- Born: Seeley Wintersmith Mudd August 16, 1861 Kirkwood, Missouri, U.S.
- Died: 1926 (aged 64–65)
- Occupation: mining engineer
- Spouse: Della Mullock Mudd
- Children: Harvey Seeley Mudd Seeley G. Mudd
- Relatives: Norman F. Sprague, Jr. (grandson-in-law) Henry T. Mudd (grandson) Victoria Nebeker Coberly (granddaughter-in-law) Caryll Mudd Sprague (granddaughter)

= Seeley W. Mudd =

American mining engineer

Seeley Wintersmith Mudd (1861–1926) was an American mining engineer.

==Biography==
===Early life===
He was born in Kirkwood, a suburb of St. Louis, Missouri on August 16, 1861. He attended Washington University in St. Louis, where he graduated in 1883 with a degree in mining engineering.

===Career===
In December 1885, he moved to Leadville, Colorado, to work at the Small Hopes silver mine, then in Bonanza. He worked his way up from assayer to become the mine’s manager in 1888. While managing the Small Hopes mine he also leased other Leadville properties which provided him a modicum of financial independence.

In 1901, he and his family (wife Della Mullock and sons Harvey S. Mudd and Seeley G. Mudd) moved to Los Angeles, California, where he worked as a consulting engineer for the Guggenheim Exploration Company. He acquired his first major capital by choosing to receive a percent of the findings instead of a fixed salary. In 1907 he started up the Ray copper mine in Arizona, one of the first large scale porphyry copper operations. By the time of his death, Ray Consolidated Copper Company had produced 200 million dollars' worth of copper. It is still in production.

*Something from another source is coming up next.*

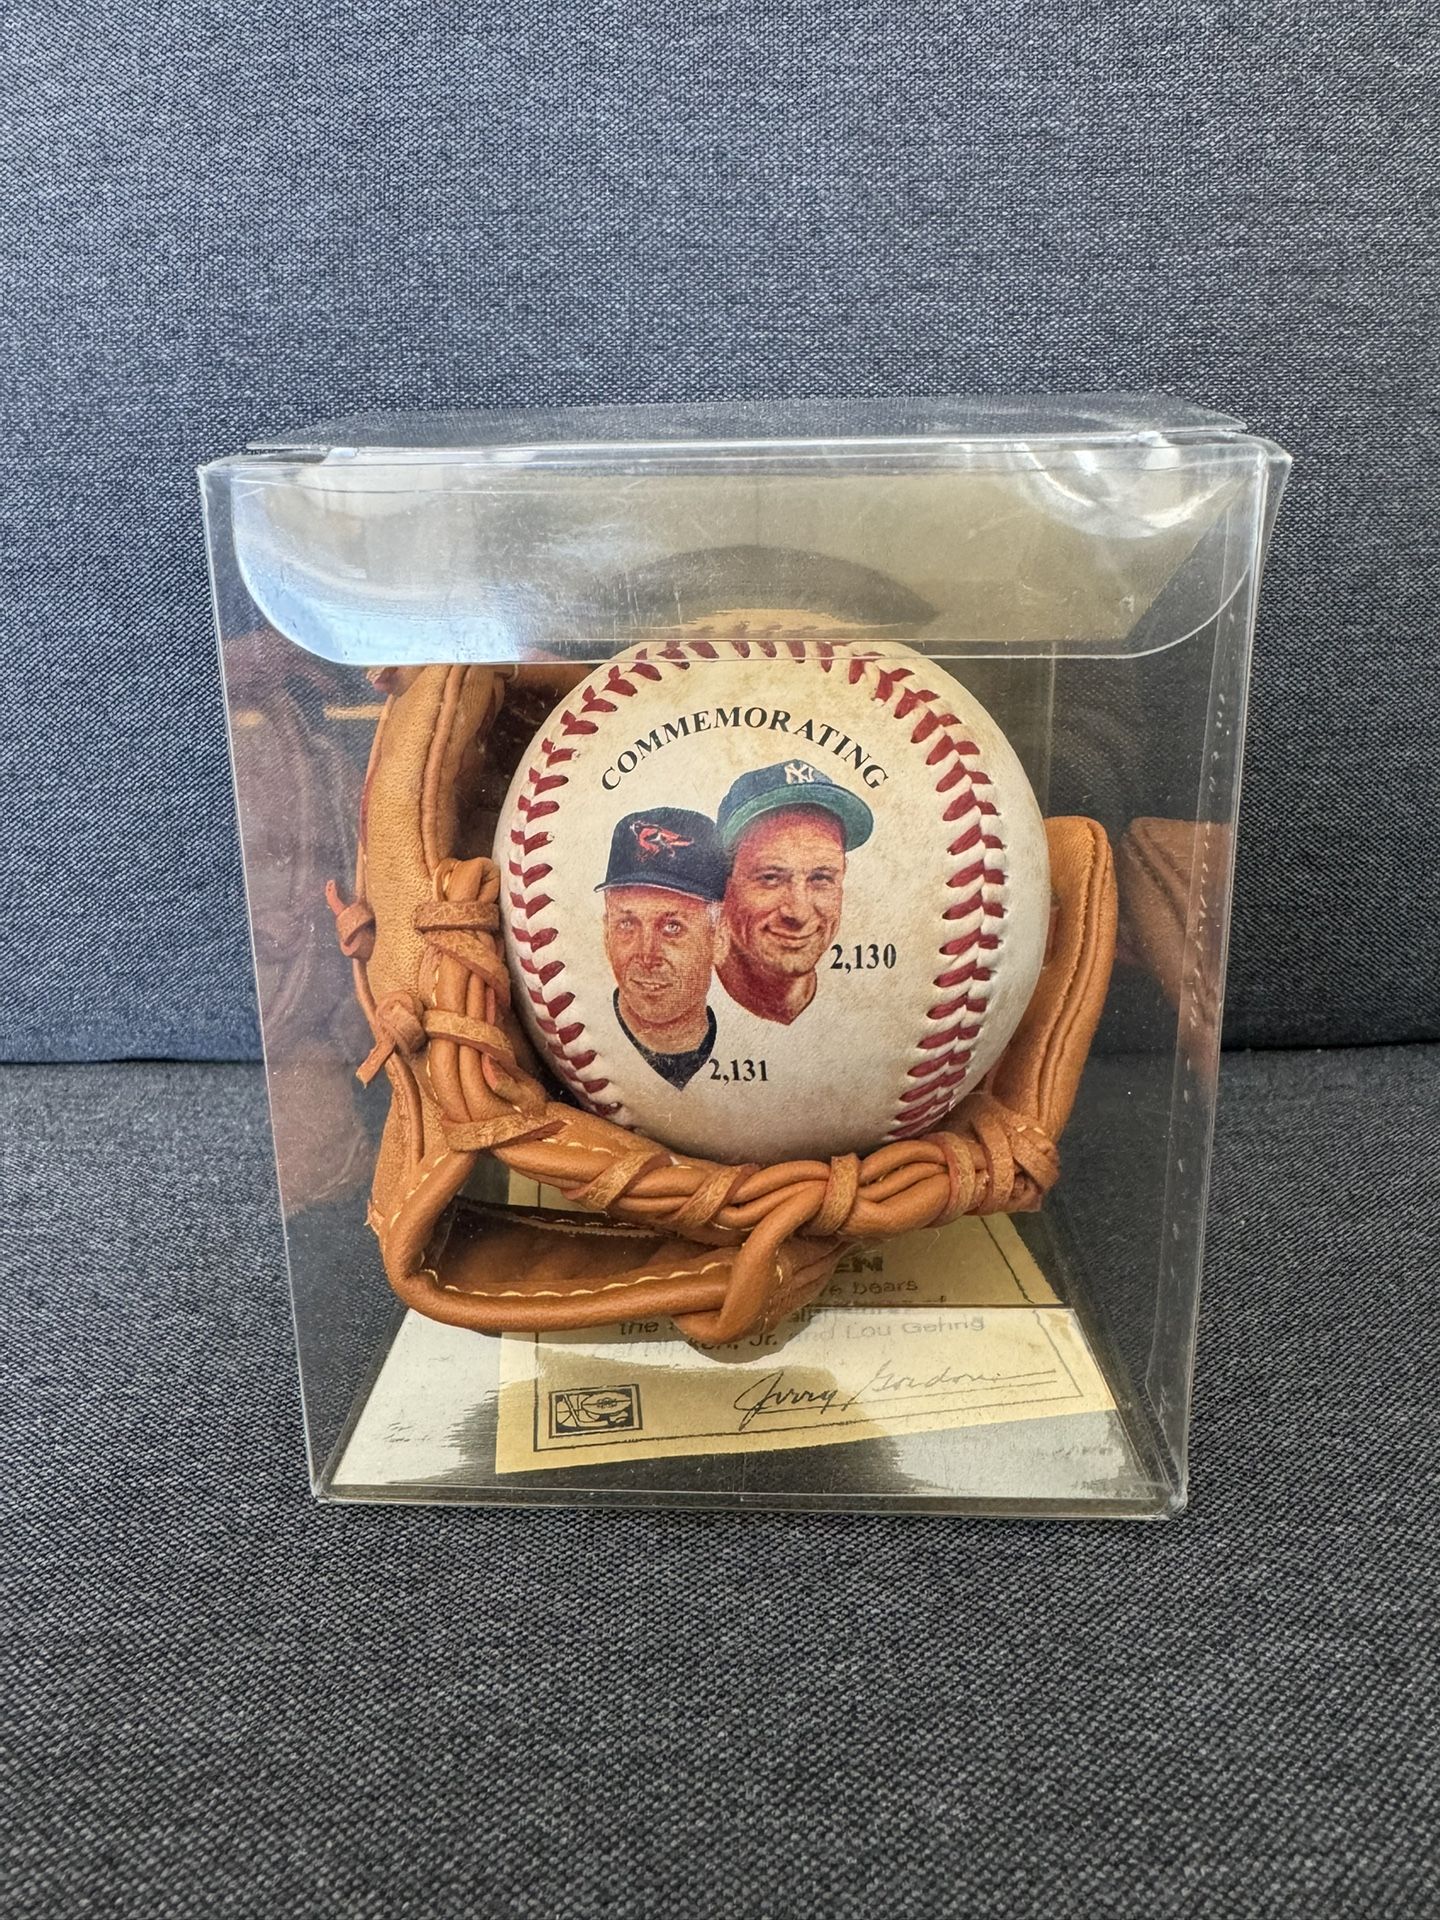 Ironmen Commemorative Baseball & Glove signed in box -Lou Gehrig Cal Ripken Jr

Also in Arizona, he and Ray Con partner Philip Wiseman took a wildcat speculation on the United Eastern mine in the Oatman district. When they hit high grade ore in 1916 they caused one of the last of the desert country gold rushes. The high grade ore deposit proved Arizona's richest and provided the partners with a quick but short-lived profit.

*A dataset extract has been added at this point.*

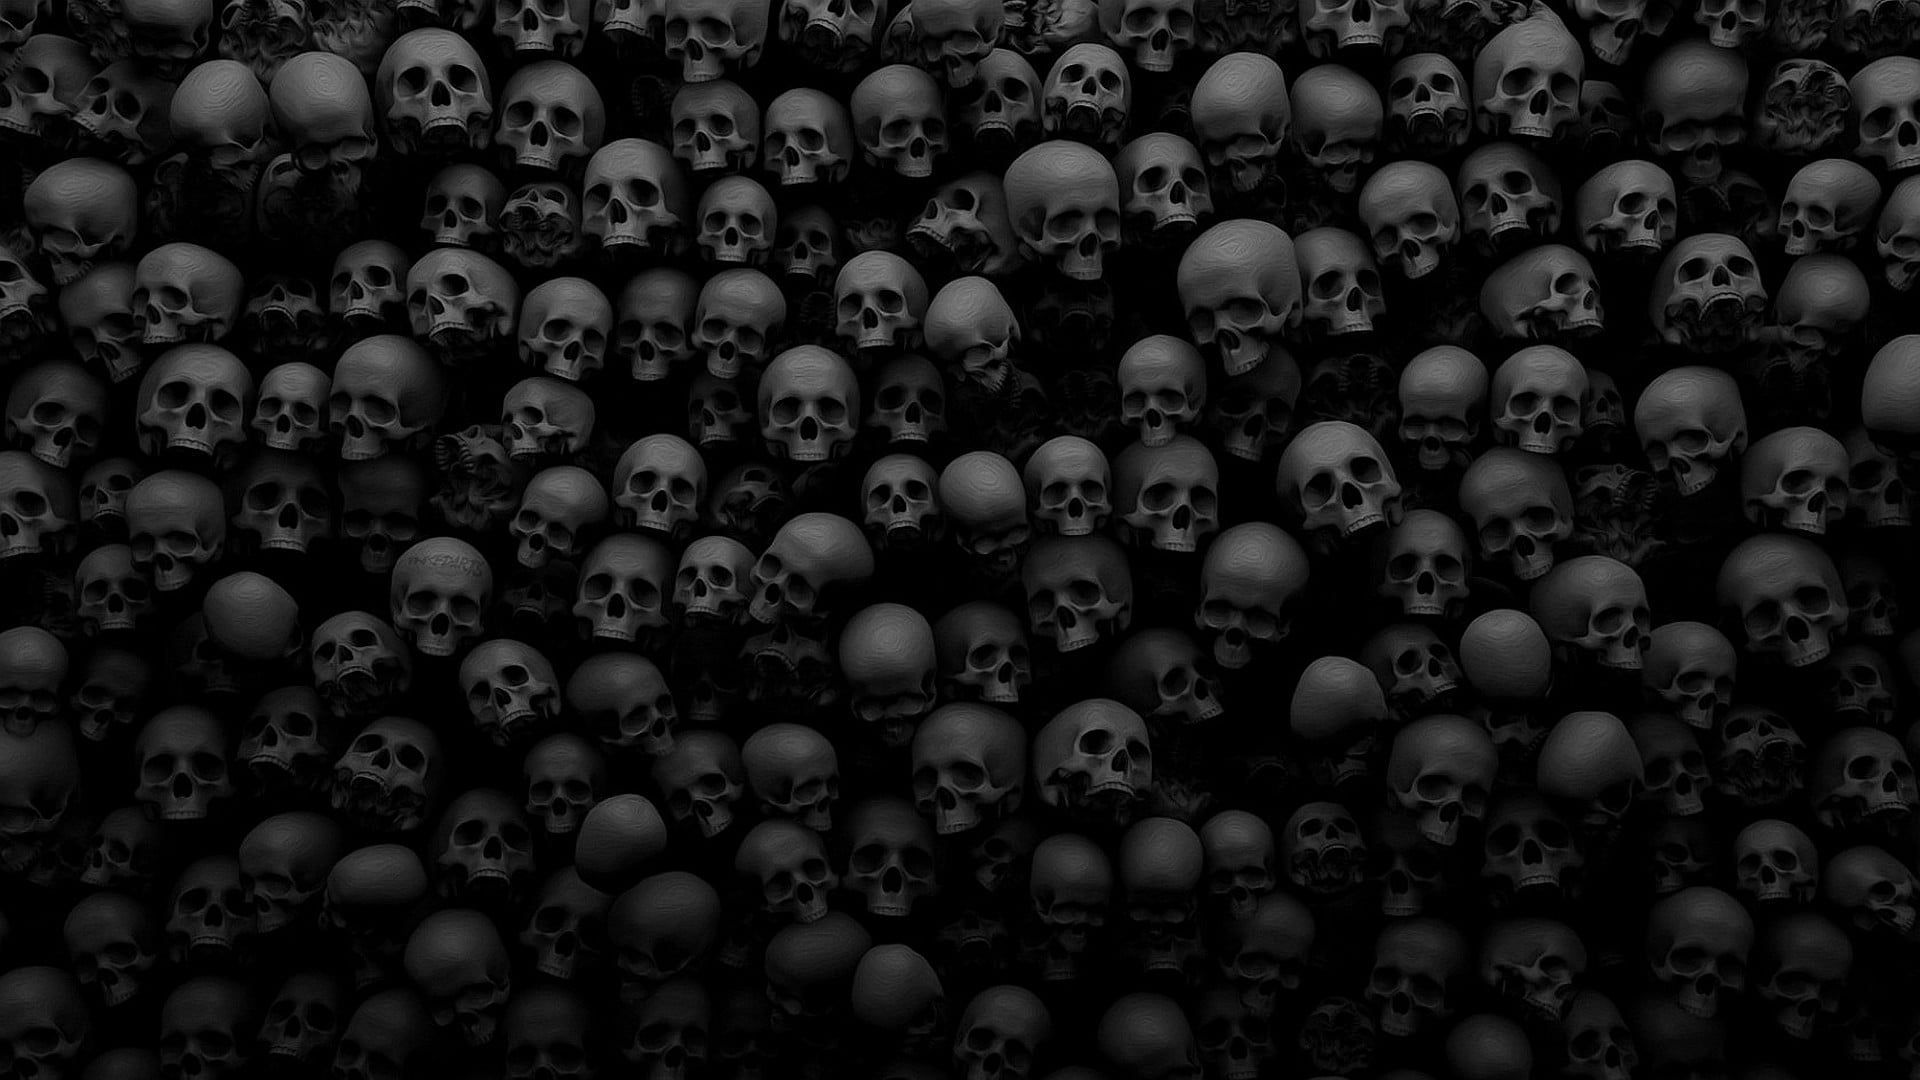 1920x1080 skulls wallpaper #skull #monochrome #1080P #wallpaper #hdwallpaper #desktop | Wallpaper calaveras, Fondos de pantalla calaveras, Im&Atilde;&iexcl;genes del cr&Atilde;&iexcl;ne

In early 1914, just before World War I, he partnered with Charles Godfrey Gunther and Philip Wiseman for a drilling opportunity in the island of Cyprus, where evidence of Roman and Phoenician mining of Copper ore had been found. After obtaining permission from the British government, which was ruling Cyprus at the time, Cyprus Mines Corporation was formally launched and in March 1916 and shares of stock authorized. As detailed in his "The Story of Cyprus Mines Corporation," David Lavender credits Seeley with the creation of the company but his son Harvey Seeley Mudd with bringing in the overwhelming success and profits of this multi-national corporation.

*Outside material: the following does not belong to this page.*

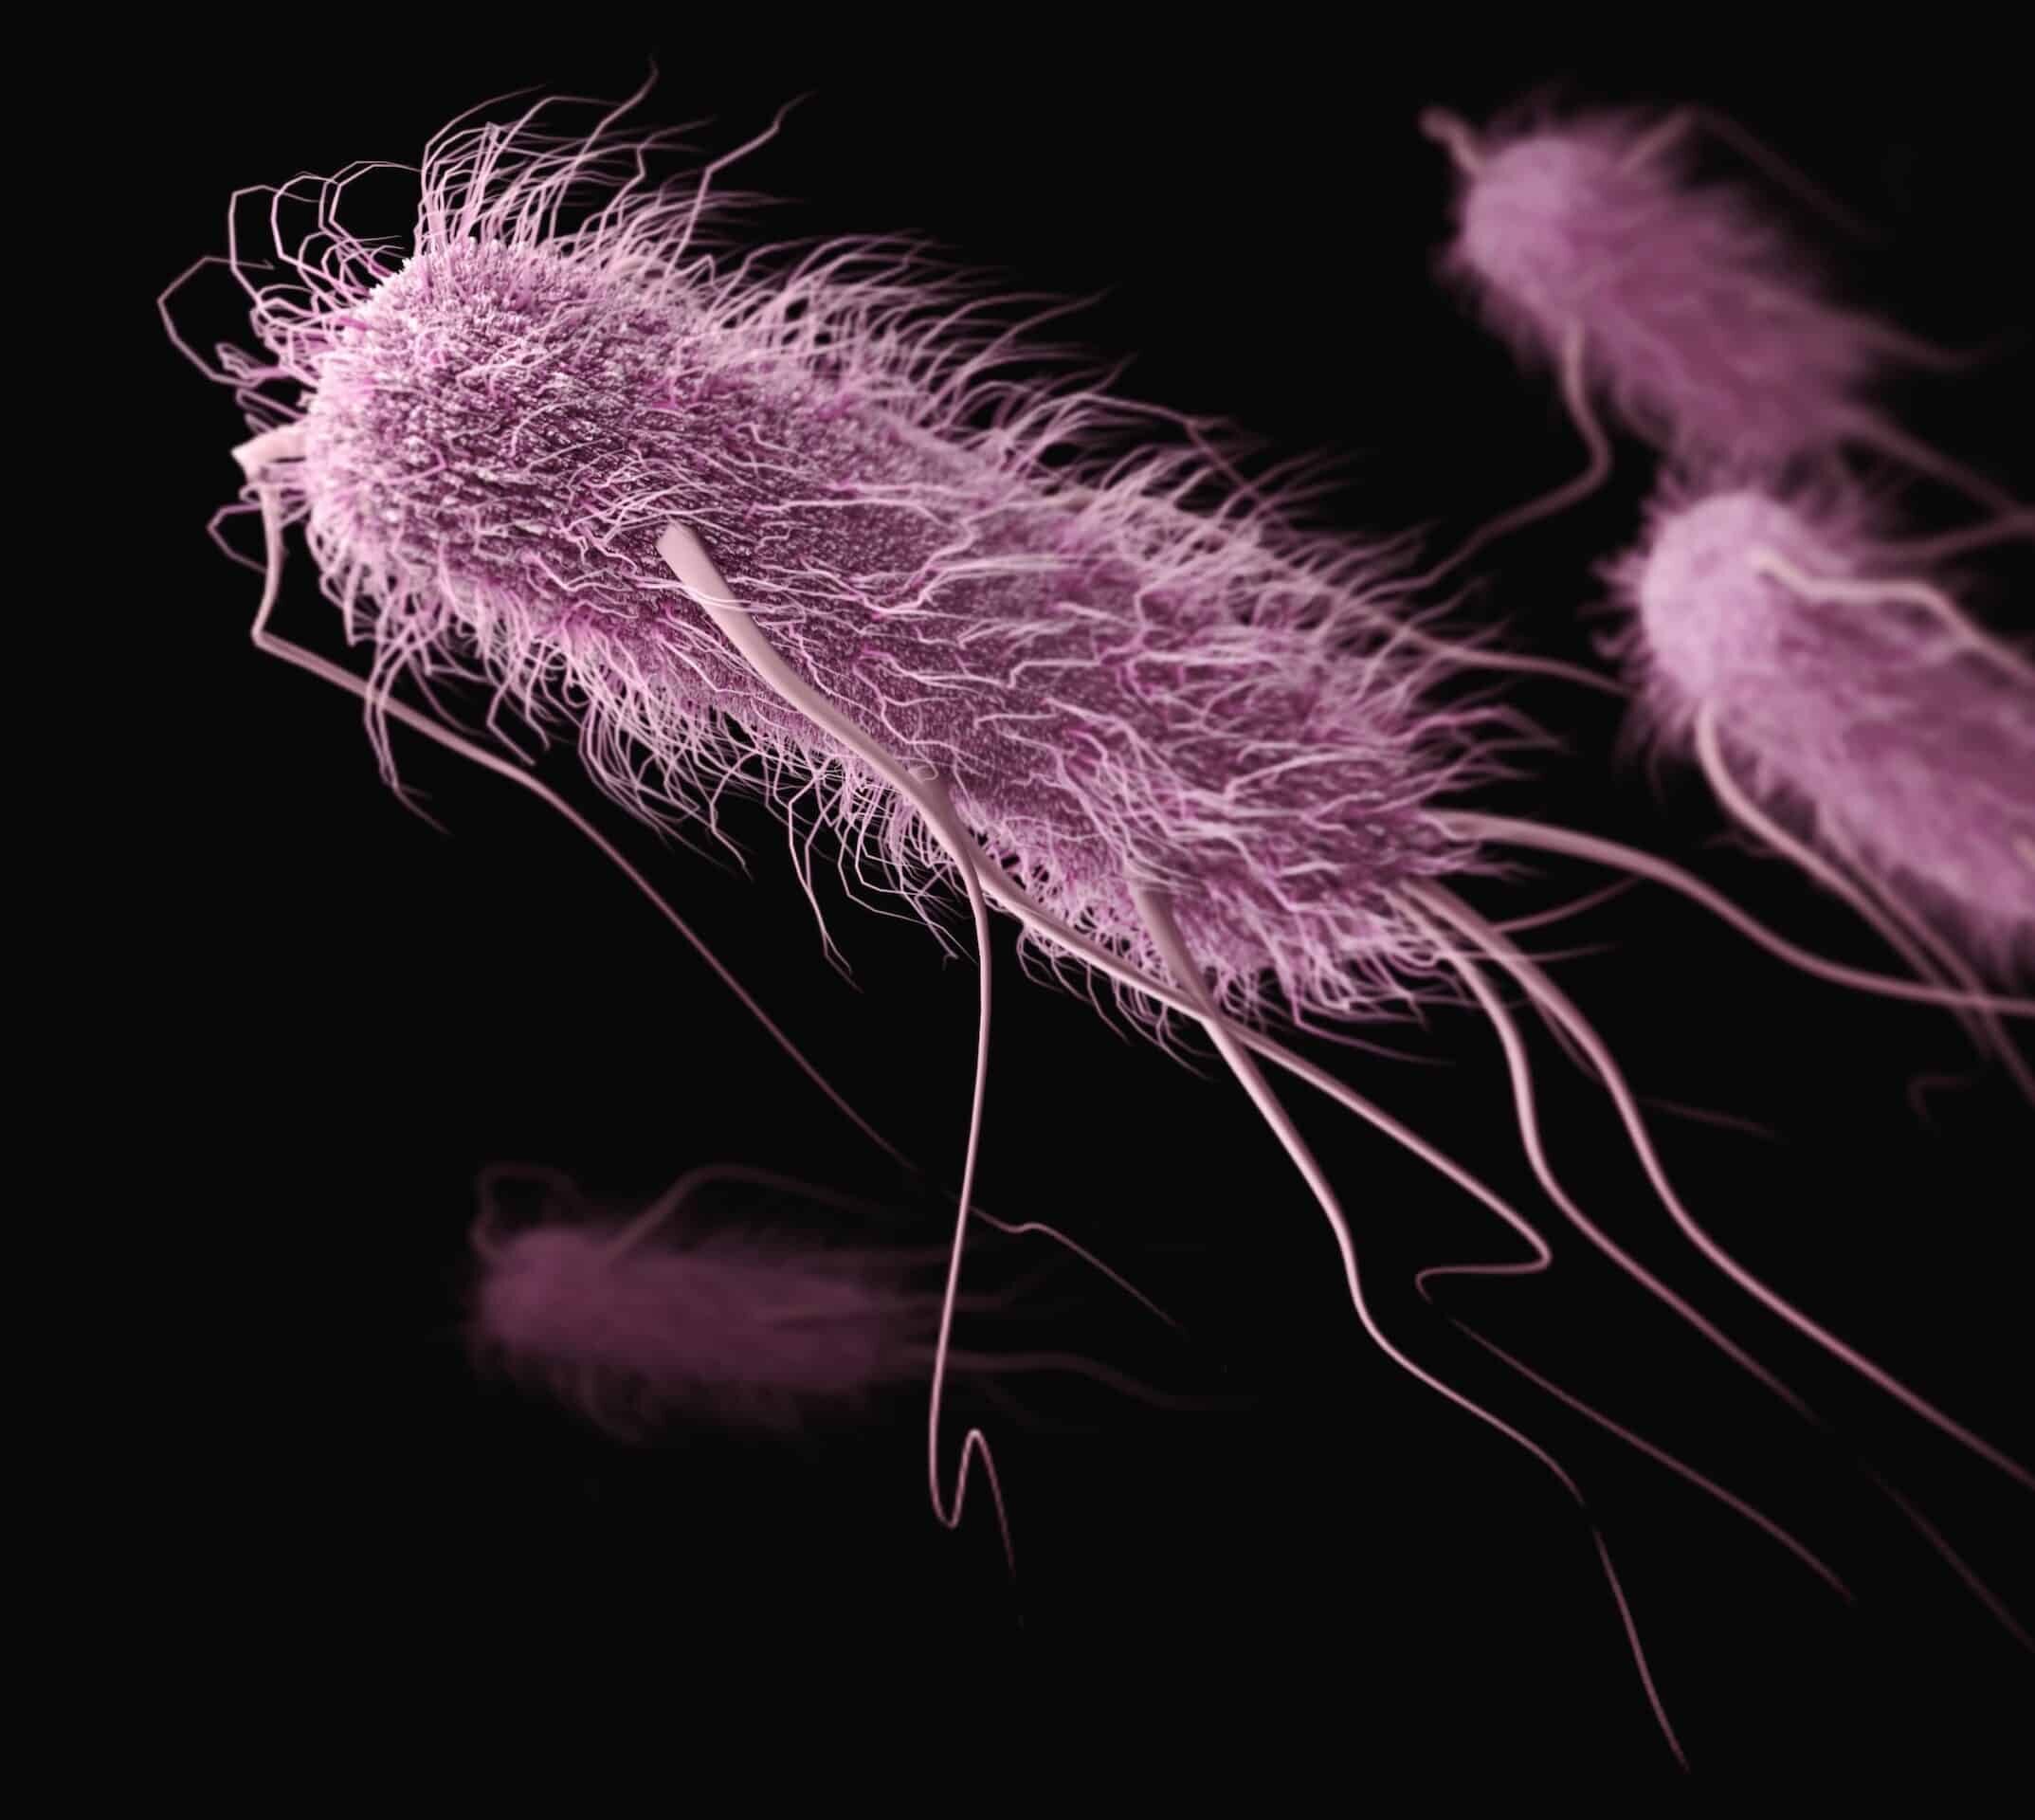 Escherichia coli что это у мужчин. Бактерия сальмонелла Тифи. Сальмонелла Тифи микробиология. Salmonella typhi микробиология. Строение бактерии Salmonella typhi.

During World War I, Seeley Mudd applied for a commission in the Engineer Officers Reserve Corps, and on February 12, 1917, he received his commission as a Major. In 1918 he became a Colonel in the U.S. Army. He served as one of the government's dollar a year men, helping upgrade munitions production for the War Department.

Seeley W. Mudd died in St. Louis on May 24, 1926. He was an advocate for education and, among other gifts in his will, provided one million dollars for the Claremont College in Pomona, California, where he had been chairman of its board. His sons would follow in his philanthropic footsteps.

===Legacy===
The Engineering building at Columbia University was named in his honor, as was the School of Philosophy building at the University of Southern California and the Laboratory of the Geological Sciences ("North Mudd") at the California Institute of Technology.